❓WHAT HAPPENED: NASA has announced plans to establish a sustainable lunar base by 2035, creating a “village” on the Moon.
👤WHO WAS INVOLVED: Secretary of Transportation and NASA Administrator Sean Duffy and other international space agency leaders.
📍WHEN & WHERE: Announcement made at the International Aeronautical Congress in Sydney, Australia, September 2025.
💬KEY QUOTE: “We’re going back to the Moon, and this time, when we plant our flag, we stay.” – Sean Duffy
🎯IMPACT: The lunar base will pave the way for future Mars exploration and enhance U.S. leadership in space exploration.

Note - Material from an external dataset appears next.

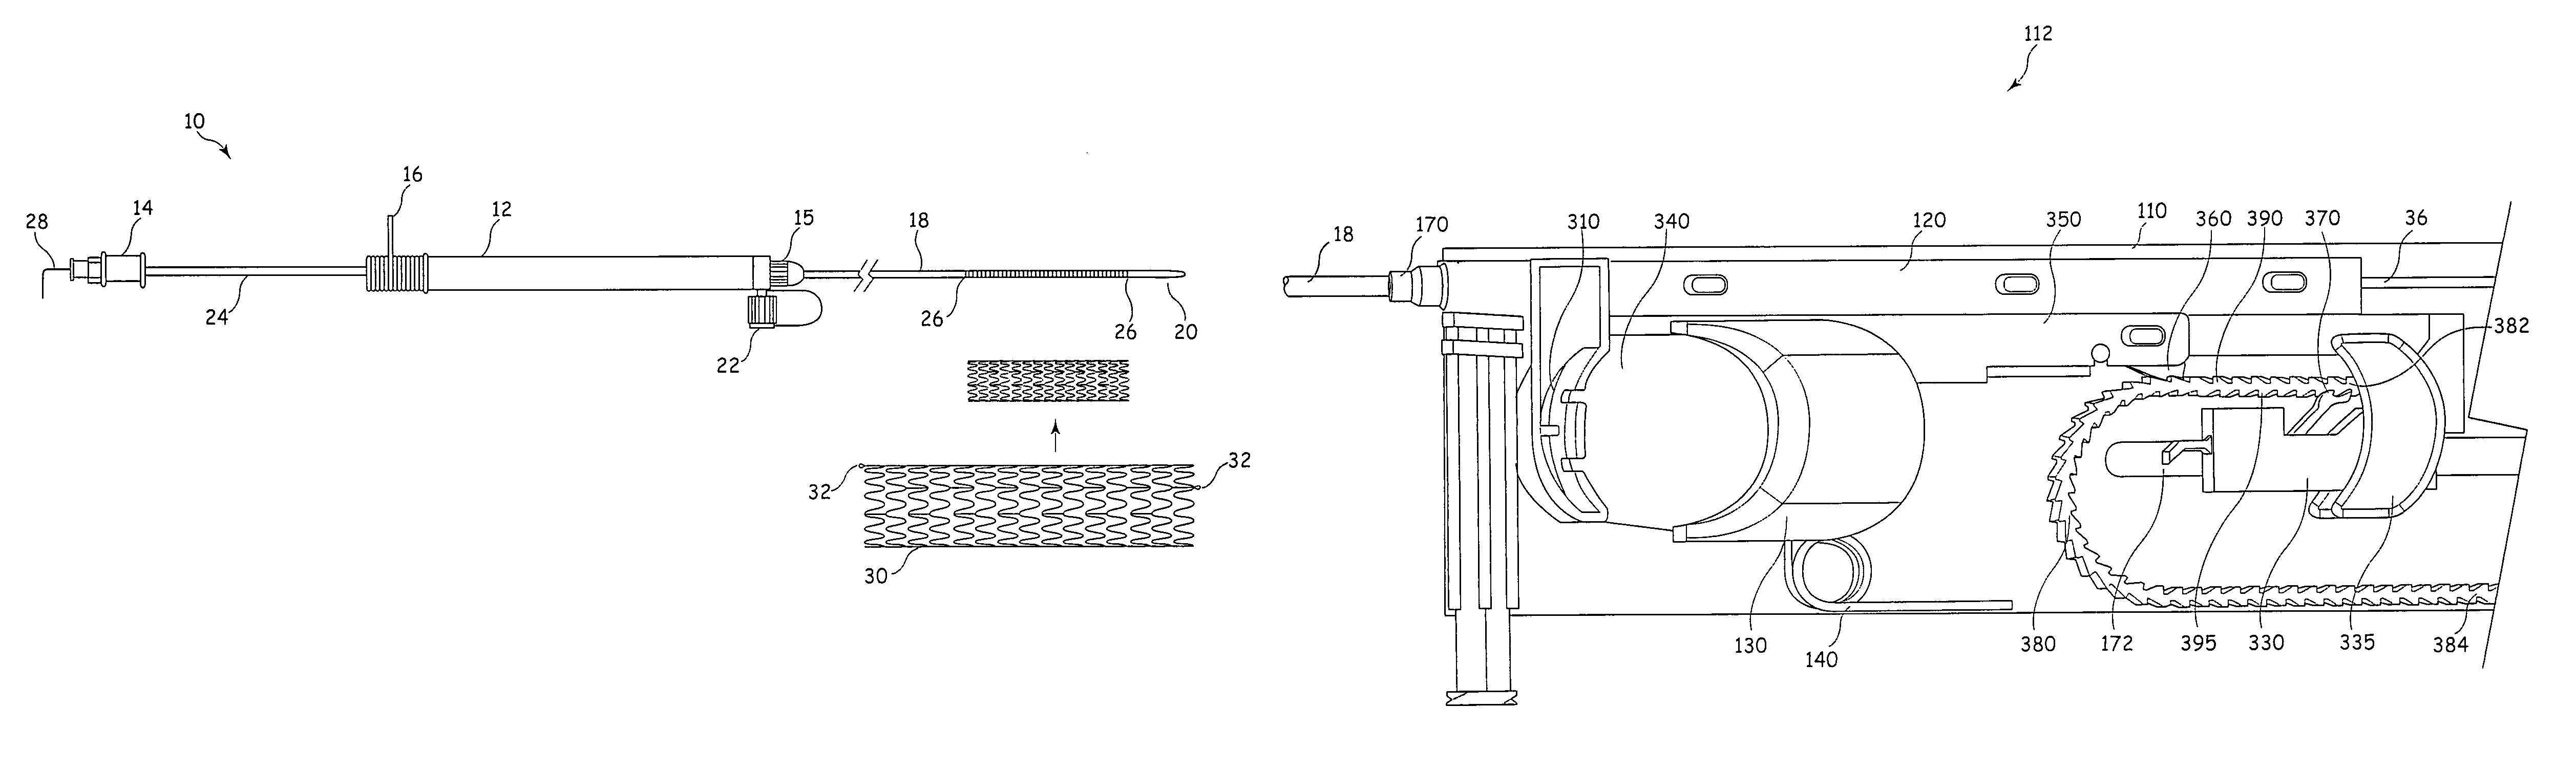 Deployment handle for an implant deployment device

Secretary of Transportation and NASA Administrator Sean Duffy has announced plans to establish a permanent presence on the Moon by 2035. Speaking at the International Aeronautical Congress in Sydney, Australia, Duffy said, “We are going to have sustained human life on the Moon. Not just an outpost, but a village.”
This initiative will be driven by the Artemis program, which is set to return humans to the lunar surface for the first time since the Apollo era. Artemis II, scheduled for February 2026, will test both the Space Launch System rocket and the Orion spacecraft in a crewed mission around the Moon. The follow-up, Artemis III, targets a 2027 lunar landing. Unlike previous missions, astronauts will remain on the Moon for a full week, gathering critical data to support long-term habitation.
To sustain operations during the Moon’s 14-day night, when solar power is unavailable, NASA plans to deploy a compact nuclear reactor. The Fission Surface Power System, as it is called, must weigh under 15 tonnes and produce 100 kilowatts of electricity, enough to support life-support systems, equipment, and communication infrastructure. NASA is currently seeking industry partners to help develop the reactor.
Construction of the base itself may rely heavily on lunar resources. NASA is exploring ways to mix lunar soil with binding agents to create a form of cement, which could be used with 3D printing technologies to build structures on-site. These methods are not only intended for the Moon but may also play a role in future Mars missions requiring long-term human presence.
“We’re going back to the Moon, and this time, when we plant our flag, we stay,” Duffy said. He framed the effort as part of a new “space race,” with the United States aiming to stay ahead of rivals such as China in space exploration and technology.
Meanwhile, on Mars, the Perseverance rover recently collected a rock sample that may show signs of ancient microbial life, although scientists caution that the evidence is not definitive. NASA is also monitoring a house-sized asteroid set to pass near Earth, and, in deep space, Voyager 1 has begun transmitting garbled data as it travels beyond the edge of the solar system.